Try to forget about the issue and remember the good things concerning your father.
Legal issues are no win situations. Let the lawyers (solicitors) do there jobs. Try to minimize the impact of losing your father on you and your family.
It is not a case of I would or will always resent his Wife, I only resent as it was a sham marriage, if it was genuine, the marriage would have had my blessing. He met her in a bar in Phucket, he was over 60, she was 30, married within a week of meeting, she has made it clear that it was only ever about money, her only disappointment was he lived as long as he did.
Yes it is only money, but one there is a principle, two, he wanted his daughter to be financially ok, she is doing her best to fleece her out of that.
So far she fleeced my father, he purchased land, had a home built, grew rubber tree plantations, set her up in business, she is financially ok for life, she will not be happy until she has got everything if she has her way, something quite rightly I am not prepared to sit back and let happen.
It is not a simple case of it was my Fathers life to live as he see fit, he had suffered a stroke before heading to Thailand, so his decision making was tainted, many times shortly before passing he phoned stating he wanted to come back to the UK, sadly he never lived to do this. She was nice to him when they lived in the UK, as soon as they moved to Thailand, she turned and was nasty to him.
I have since found out that the funeral/buffet claims are definitely exaggerated.
I did consider the Thai solicitor option, but I think in the end, any estate would be swallowed up by the cost involved with having two solicitors.
It is doubtful there is an equitable amicable solution, The day after he died she was asking for the money, that speaks volumes, I cannot and will not let her win, but as with any situation, it is good to gather as much information and advice as possible from a multitude of sources.

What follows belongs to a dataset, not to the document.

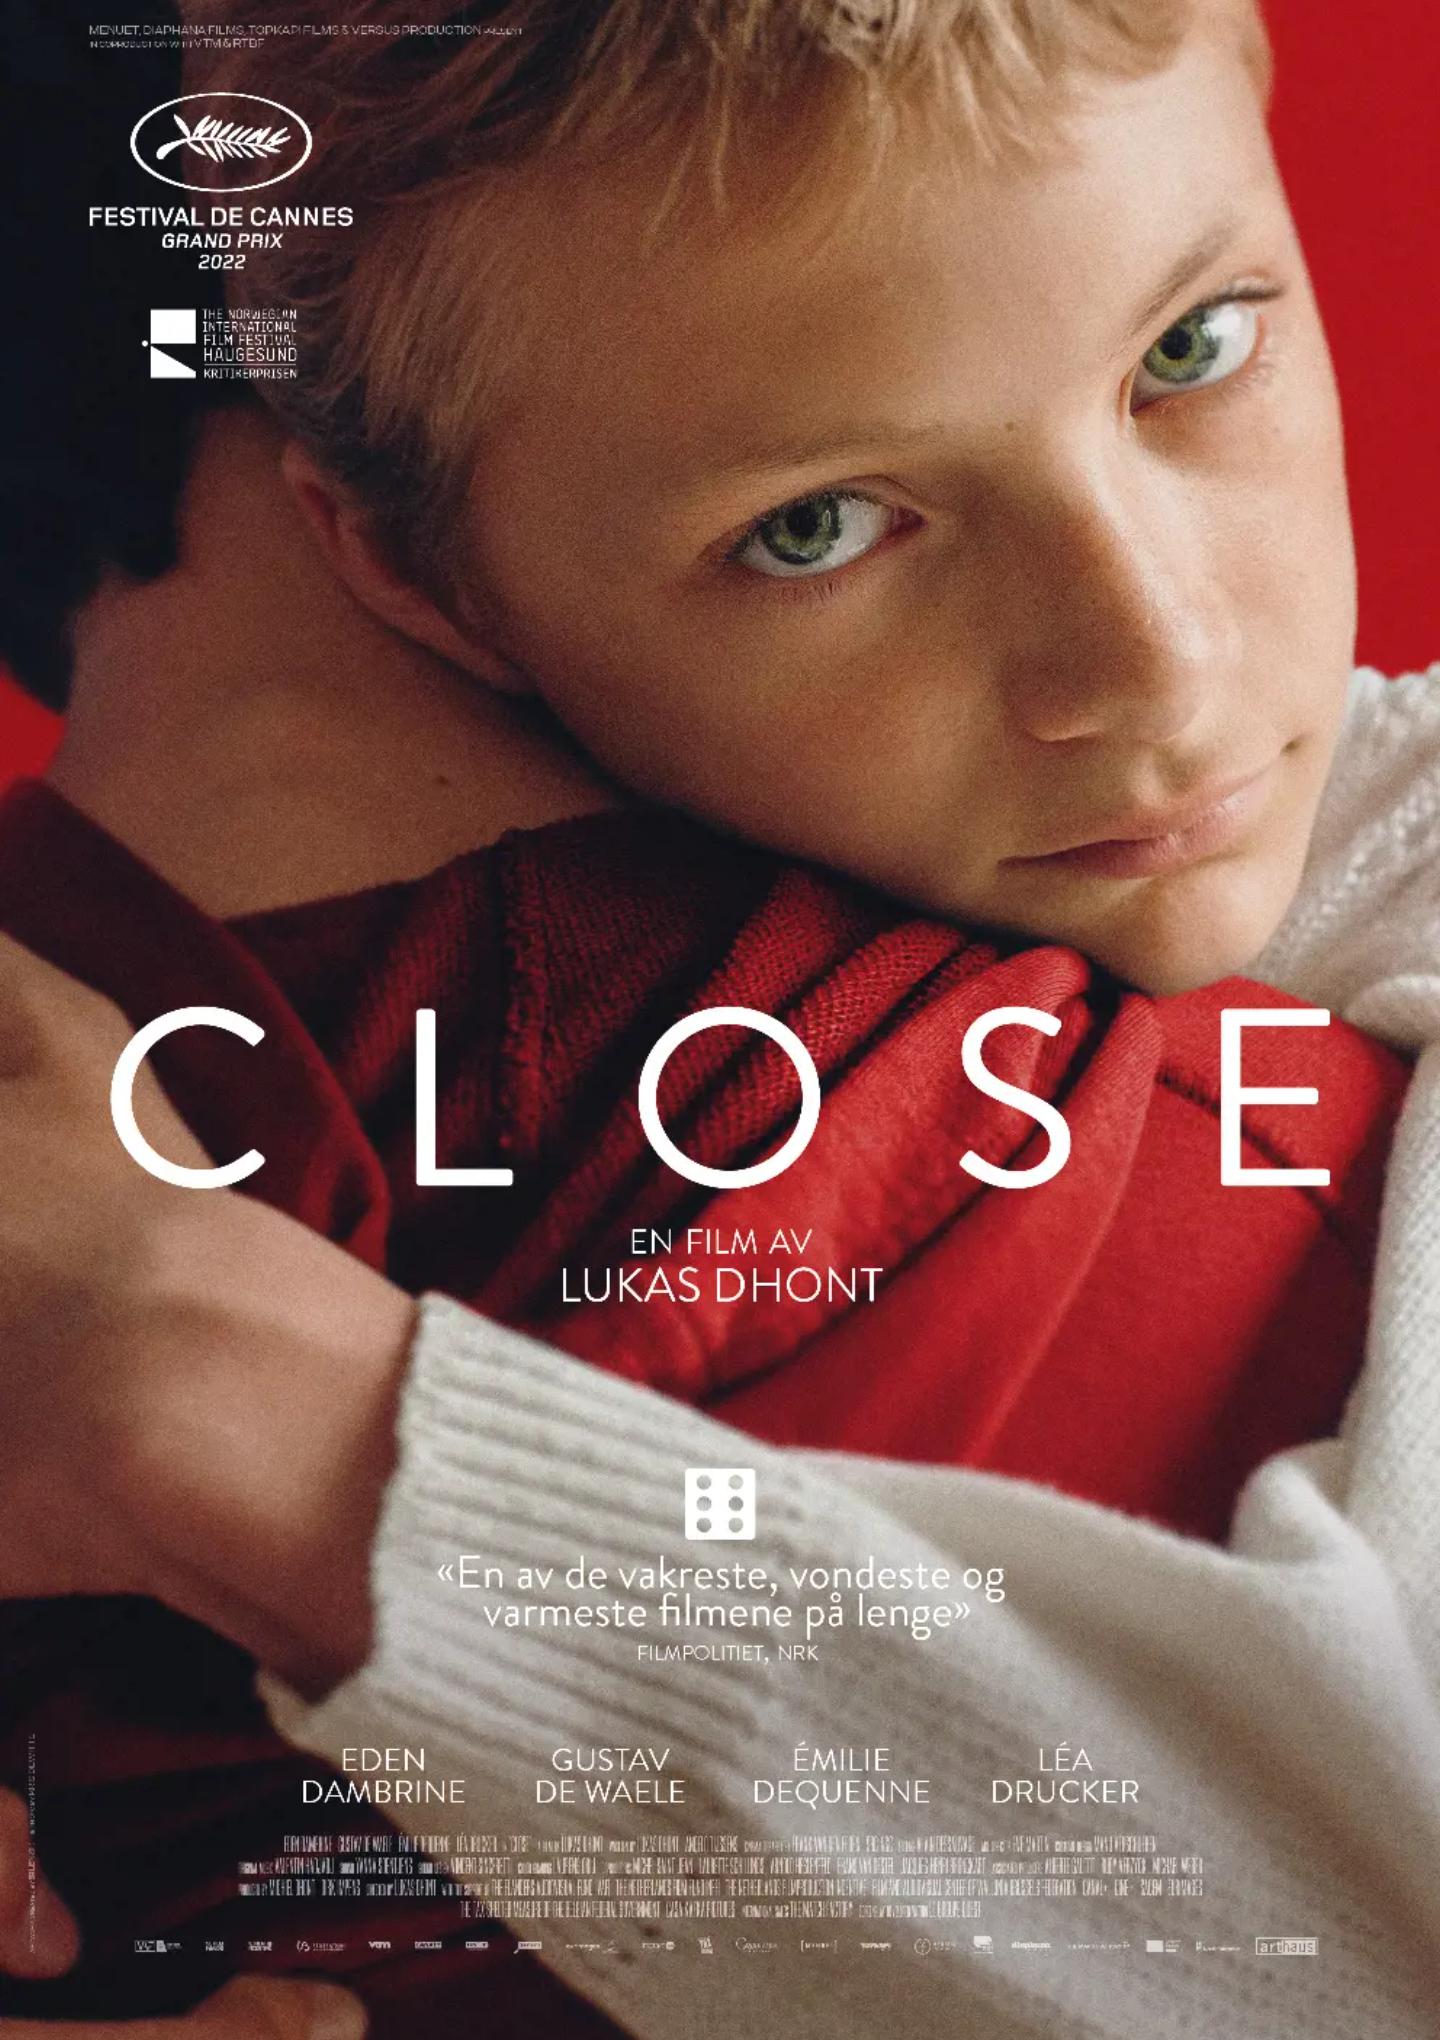 Plakat for 'Close'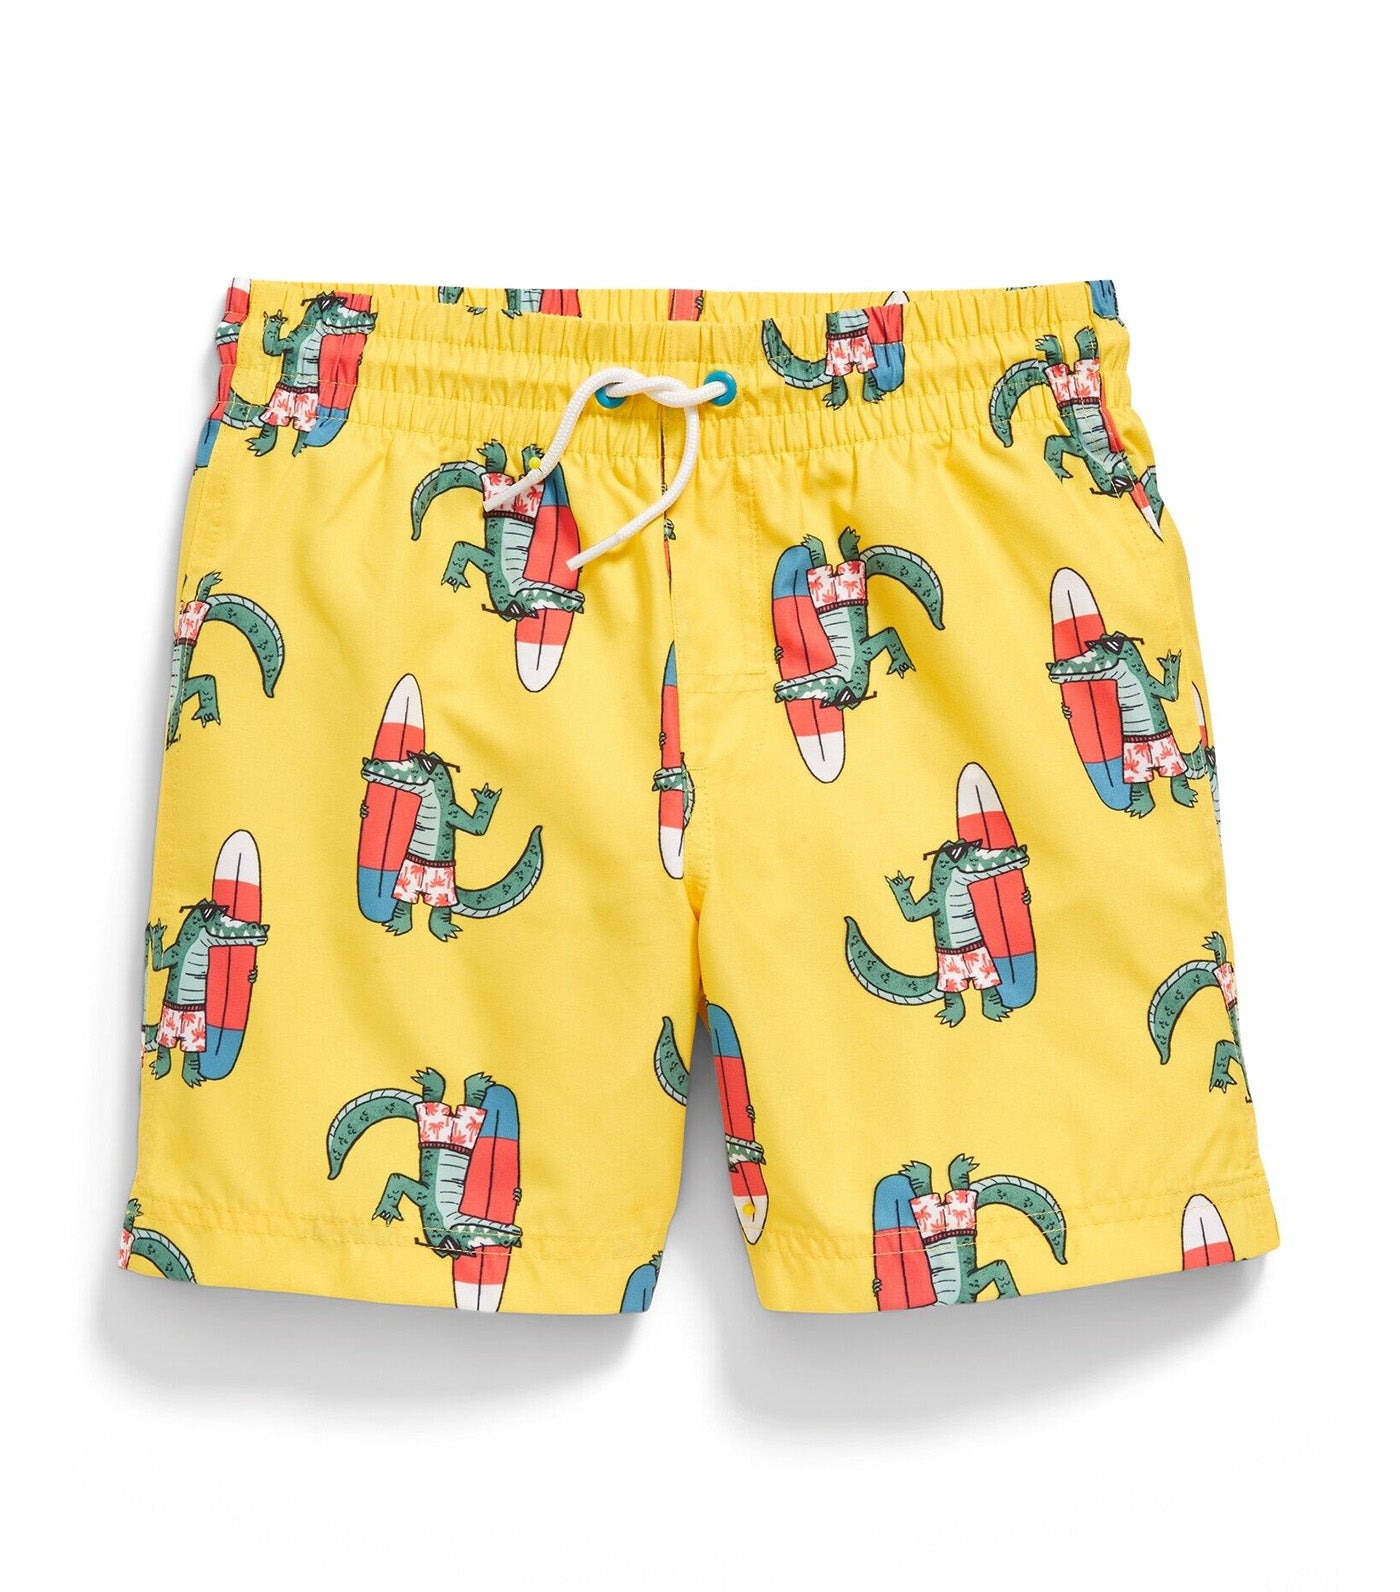 Printed Swim Trunks for Boys - Alligator

You can call it a "sham" marriage. If the marriage was registered in Thailand and the United Kingdom recognizes marriages registered in Thailand, then by definition it is a marriage. True, valid and most importantly fully LEGAL.
Therefore, you are dealing with an international legal issue. So, unless you "lawyer up" your Thai mother-in-law will be able to secure most, if not all, of your deceased fathers assets.
If you lawyer up you may be able to enforce the will on an international level. Good Luck.